It’s interesting to think about the physical structure in the etymology of the word “fan,” regarding fame as a kind of prison narrative. How people think about fame has evolved over time, but the messy struggle to reconcile fame and art continues.

The five rock stars below responded to fame differently, but they all hated being famous.

Eddie Vedder

The Gen Xers from the Pacific Northwest, fed up with Ronald Reagan and boredom, turned up their guitars and transformed rock ‘n’ roll. They borrowed musical inspiration from Neil Young’s grunge and ’70s guitar bands while focusing a lens on life’s bleak realities. Pearl Jam was one of the scene’s bigger bands, and Eddie Vedder, like Nirvana’s Kurt Cobain, became the face of the movement. He outright rejected it. Vedder stopped making music videos—unheard of at the time—and he stopped doing interviews as he moved the band into a less commercial direction with Pearl Jam’s third album, Vitalogy. He’s at his most defiant on “Not for You.”

Small my table sits just two
Got so crowded I can’t make room
Oh, where did they come from?
Stormed my room
And you dare say it belongs to you, to you

Thom Yorke

There’s a scene in Radiohead’s 1998 film Meeting People is Easy where Thom Yorke is so visibly burned out it looks like the “No Surprises” video has come to life, drowning the singer in real-time. With OK Computer, the Oxford group became the “it” band, and journalists inquired whether all the famous people appearing at their shows impressed them. Yorke responded by saying the British are suspicious of success. He said, “Any degree of success […] brings with it ‘You’ve cheated.’” Earlier in their career, when their record label EMI requested another single like “Creep,” Radiohead responded with “My Iron Lung.”

This, this is our new song
Just like the last one
A total waste of time
My iron lung

Bob Dylan

Bob Dylan’s contempt for the press is well-known.
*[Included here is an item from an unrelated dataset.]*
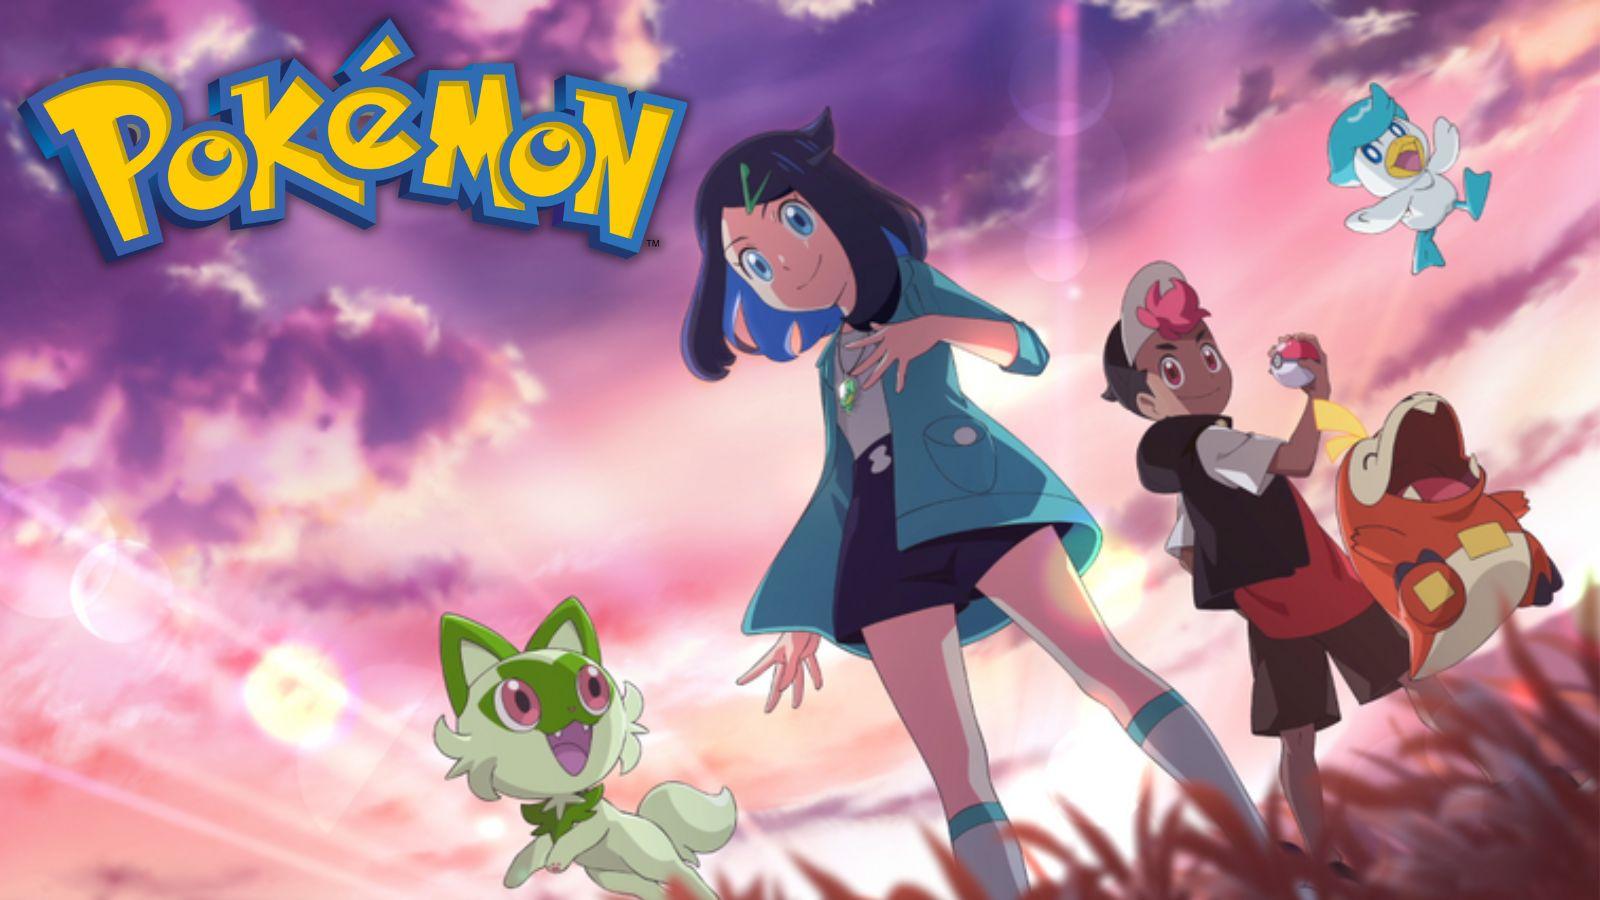 danyelle ryan recommends pokemon full episodes free pic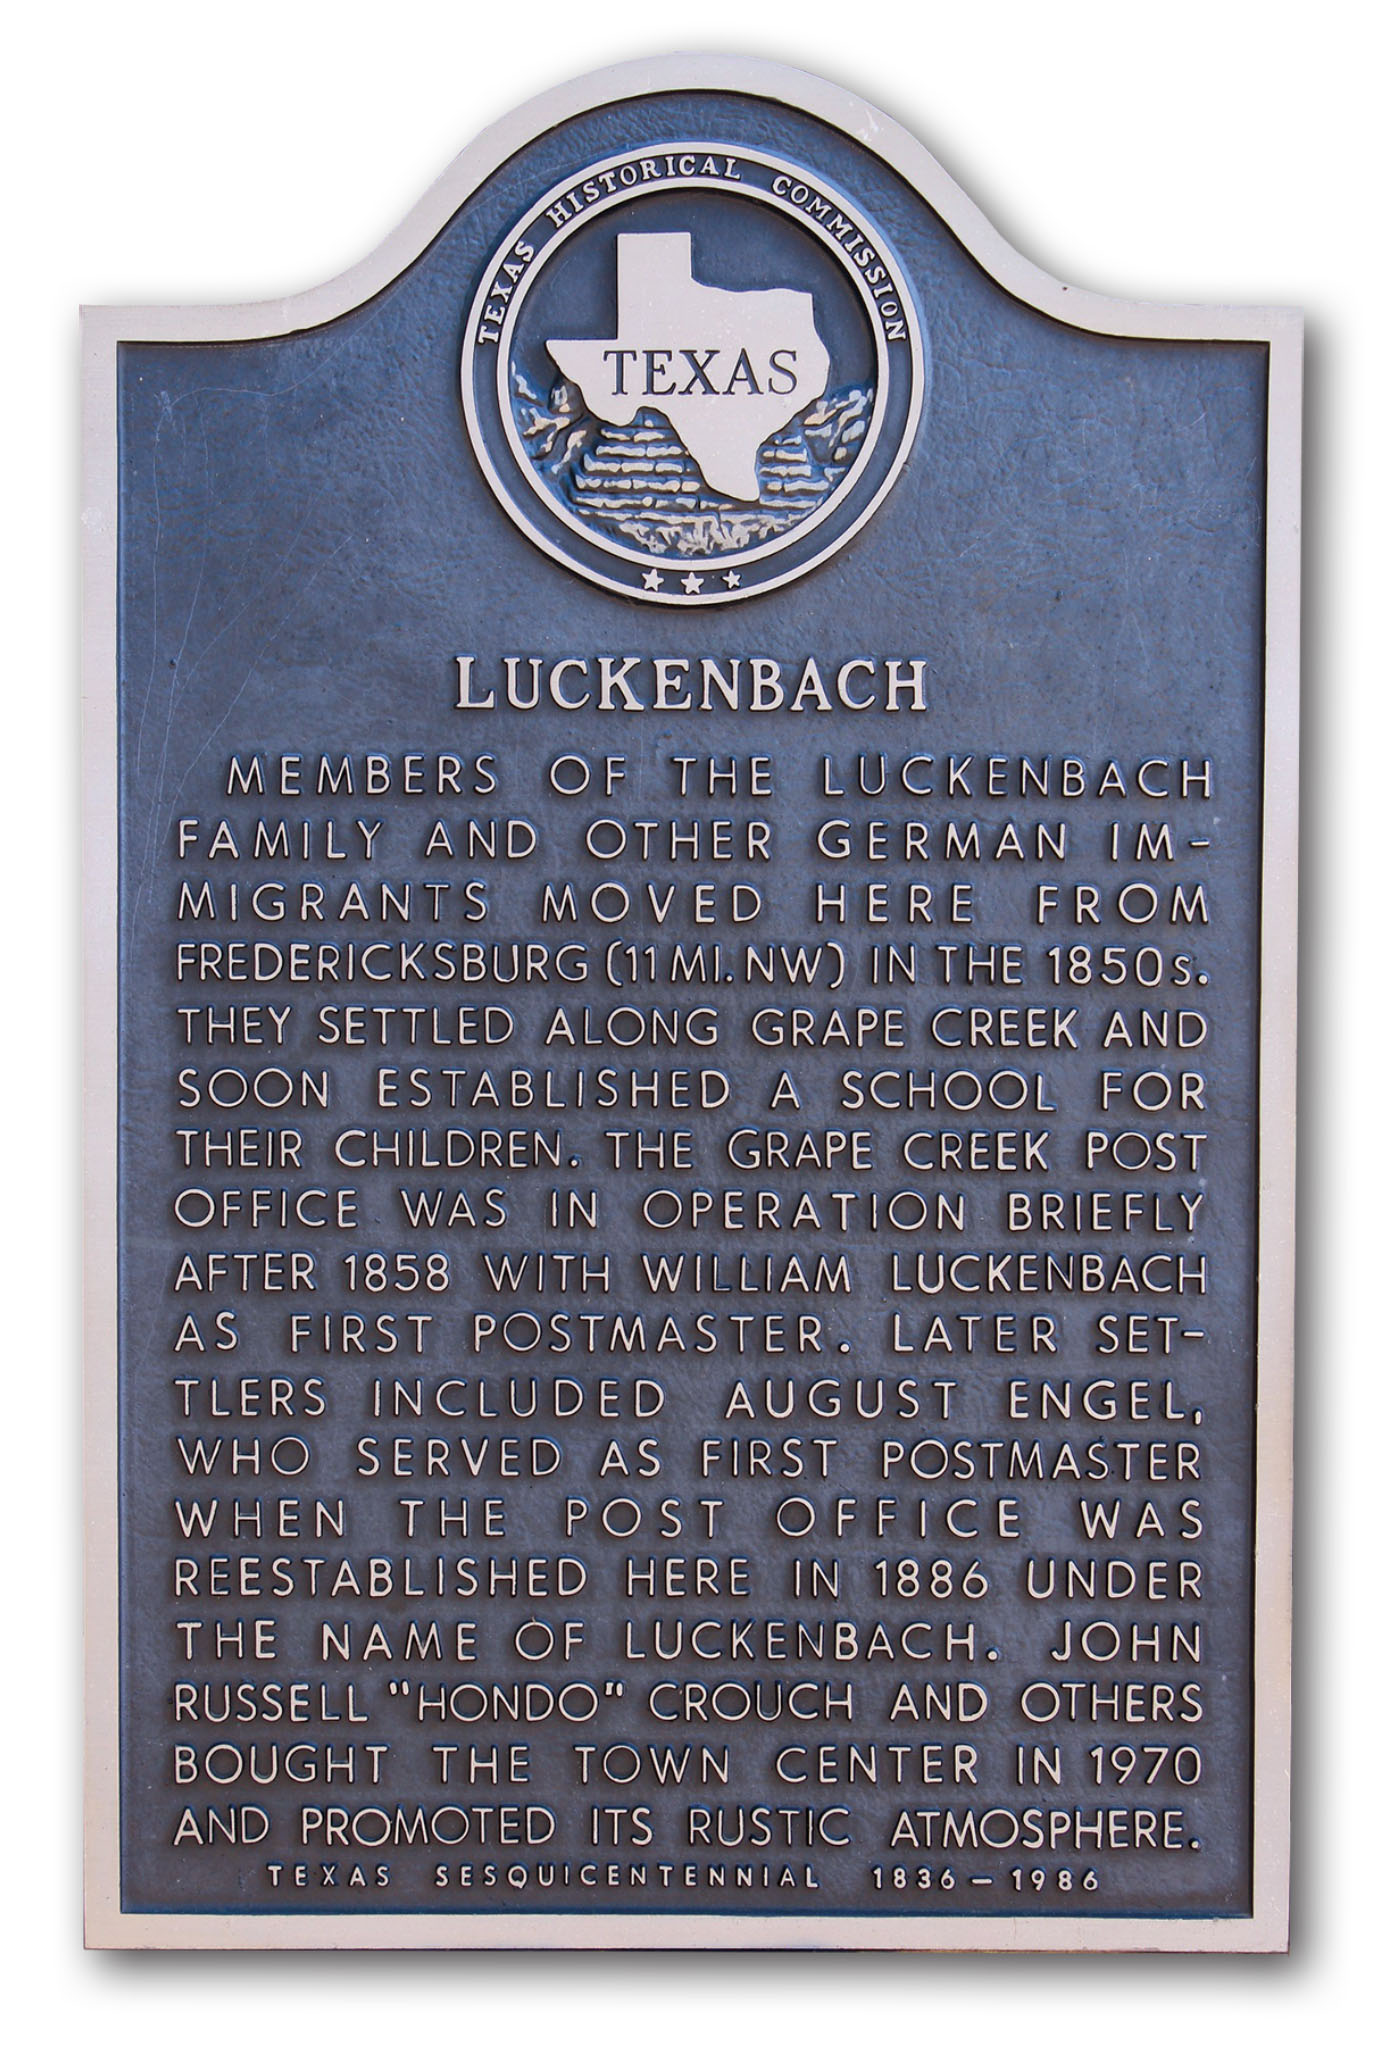 A Texas Historical Marker for Lukenbach on a white background

His sarcastic responses mirrored how much he loathed being his generation’s voice. When asked, “Do you have anything particularly special to express when you sing?” He answered tersely, “No.” Dylan famously fabricated stories to confuse journalists and fans. In Chronicles, he writes, “What did I owe the rest of the world? Nothing. Not a damn thing. The press? I figured you lie to it. For the public eye, I went into the bucolic and mundane as far as possible.”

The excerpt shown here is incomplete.